Harry les regarda avec un air mi-ahuri mi- horrifié
— Non mais calmez-vous les gars. C'est Harry. Déclara Lucas
— T'es dans le coup avec lui ? Il t'a promis que si vous l'aider à nous attirer dans ce traquenard il vous laisserait la vie sauve à toi et à ta petite amie ?
— On n'est pas ensemble. Hurlèrent Lucas et Jenny de manière synchronisée.
Le serpent pendant ce temps se détourna d'eux et se rapprocha de Jenny qui cria et le repoussa en agitant son pied
— Laisse là et disparaît ou je te tue moi-même. Tentât de bluffer un Harry excéder.
Le serpent qui ne savait pas qu'aucun des sorciers de première année en face de lui ne connaissait de magie assez puissante pour le vaincre décida de s'en aller vers cette forêt giboyeuse dont cet arrogant deux jambes lui avait parlé. Mais voyant ce gigantesque serpent apparemment immunisé contre les sorts les plus basiques se diriger dans leur direction, les élèves prirent peur et commencèrent à lancer des sorts contre Harry.
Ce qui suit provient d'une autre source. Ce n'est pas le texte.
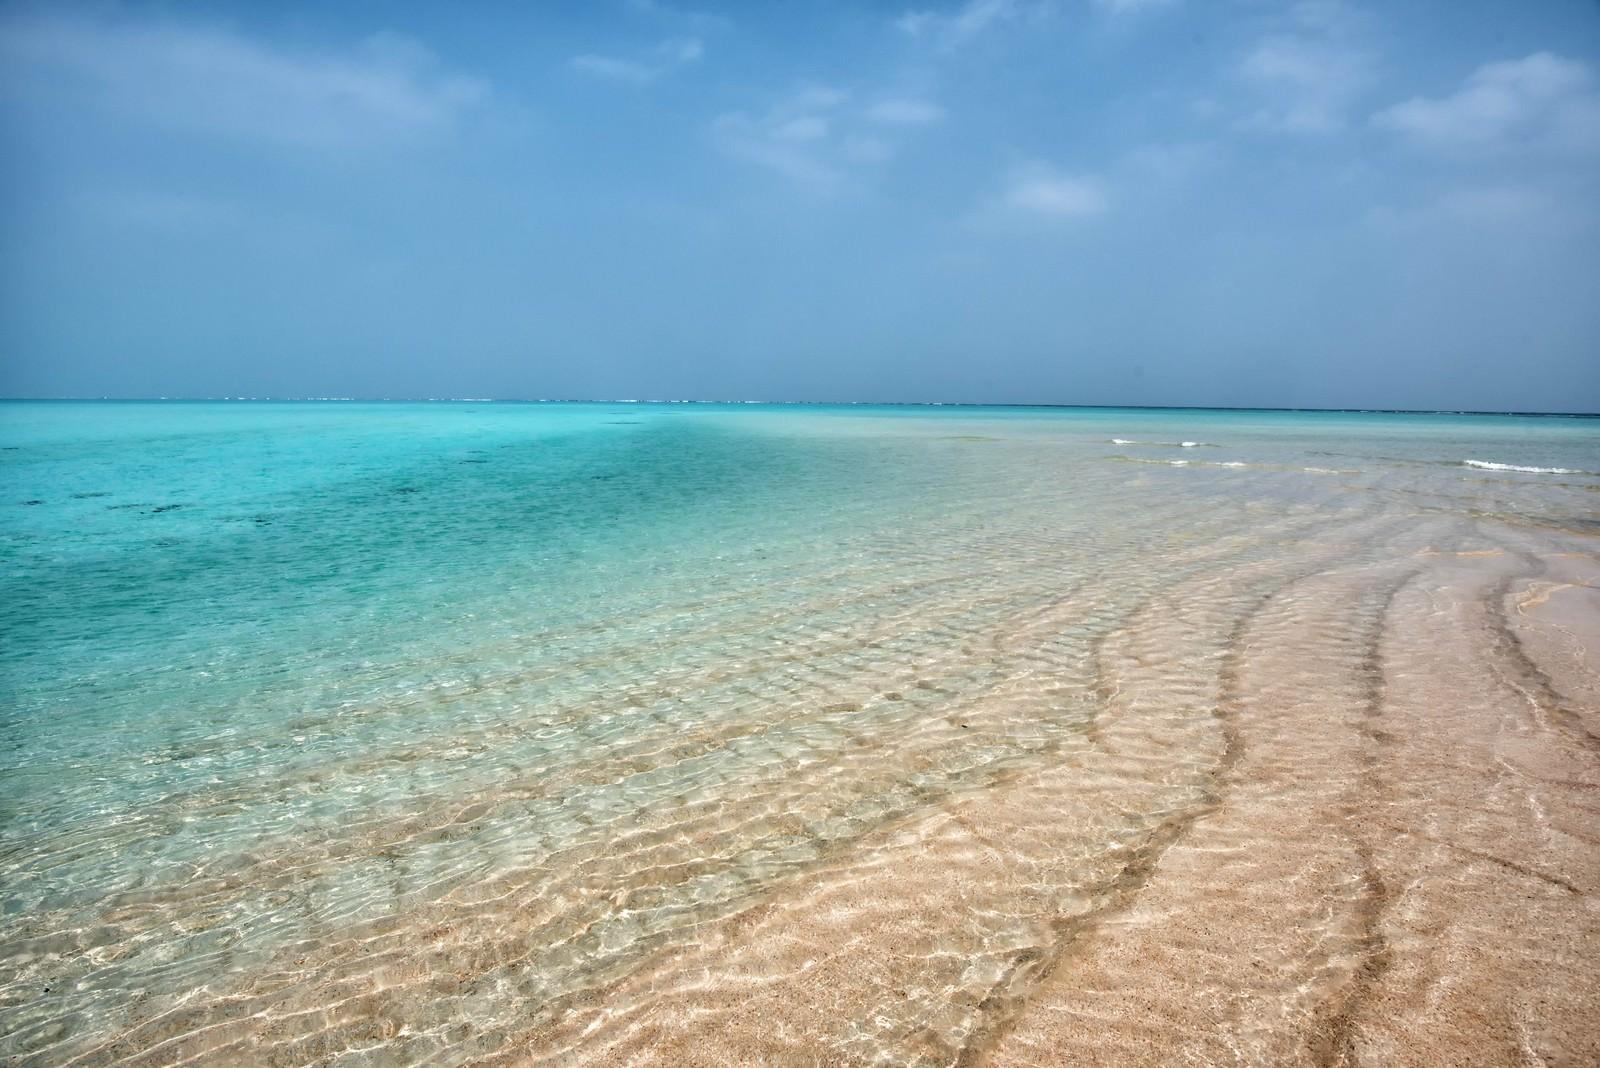 「百合ヶ浜の砂洲」の写真

Harry esquiva grâce à des réflexes acquis durant des années de pratique du foot. Heureusement pour lui la plupart de ses adversaires n'étaient pas assez doué avec la magie pour viser correctement même à une aussi faible distance. Mais malheureusement pour Jenny qui était toujours attaché aux tuyaux il visait tellement mal qu'elle fut frôlée par un sort orange inconnu qui mit le feu à la cloison des toilettes ou elle était attachée.
— Les amis, la prochaine fois laissez-moi avec le serpent. Déclara t'elle.